Failure to pay this transfer tax is matter for affirmative defense (Bean v. Flint, 204 N. Y. 153,164), and defendant having sufficiently pleaded it, is entitled to prevail. Even though there be no intent to violate the law, where the seller through ignorance of the law or mere inadvertence omits to pay the tax and comply with the statute, such failure precludes the right to a recovery in court, for proof of the transfer may not then be received in evidence under our statute. (Sheridan v. Tucker, 145 App. Div. 145.)

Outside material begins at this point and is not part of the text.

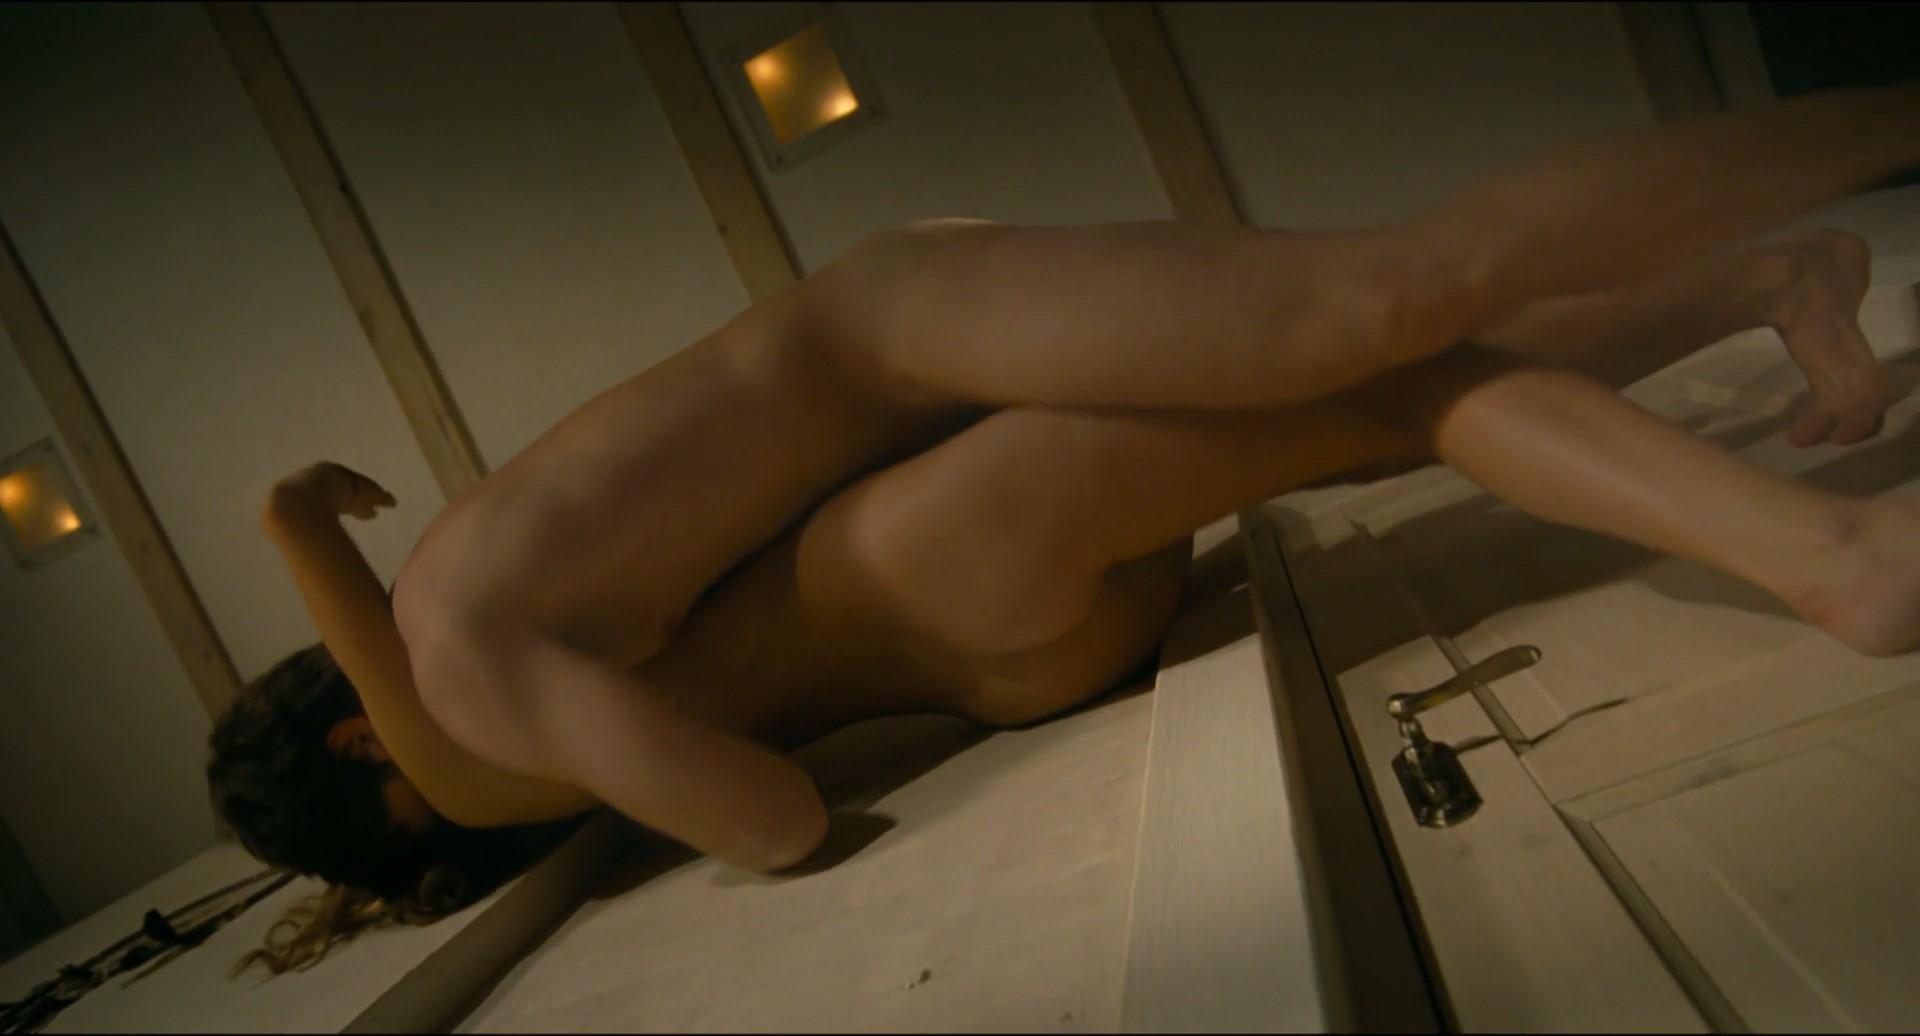 Carolina Guerra Gallows Hill - 2013 HD 720p/1080p nudes (69 image)

“ The object of all these tax provisions is to get money for the State” (Luitwieler v. Luitwieler P. E. Co., 231 N. Y. 494, 498), and for the better enforcement of the statute it is clearly commanded that the tax be paid and the stamps affixed and canceled at the time of the transfer. In this way only is the State adequately protected. The seller’s duty was to pay the tax; not only to procure and affix the stamps, but to cancel them as well. Even if it be that plaintiff acted entirely in good faith in the transaction and was misled by defendant, nevertheless to sanction recovery would be to deny effect to the scheme and spirit of the taxing statute.

The determination of the Appellate Term so far as appealed from should be affirmed, with costs.

Finch, P. J., Martin and Townley, JJ., concur; Merrell, J., dissents and votes for reversal.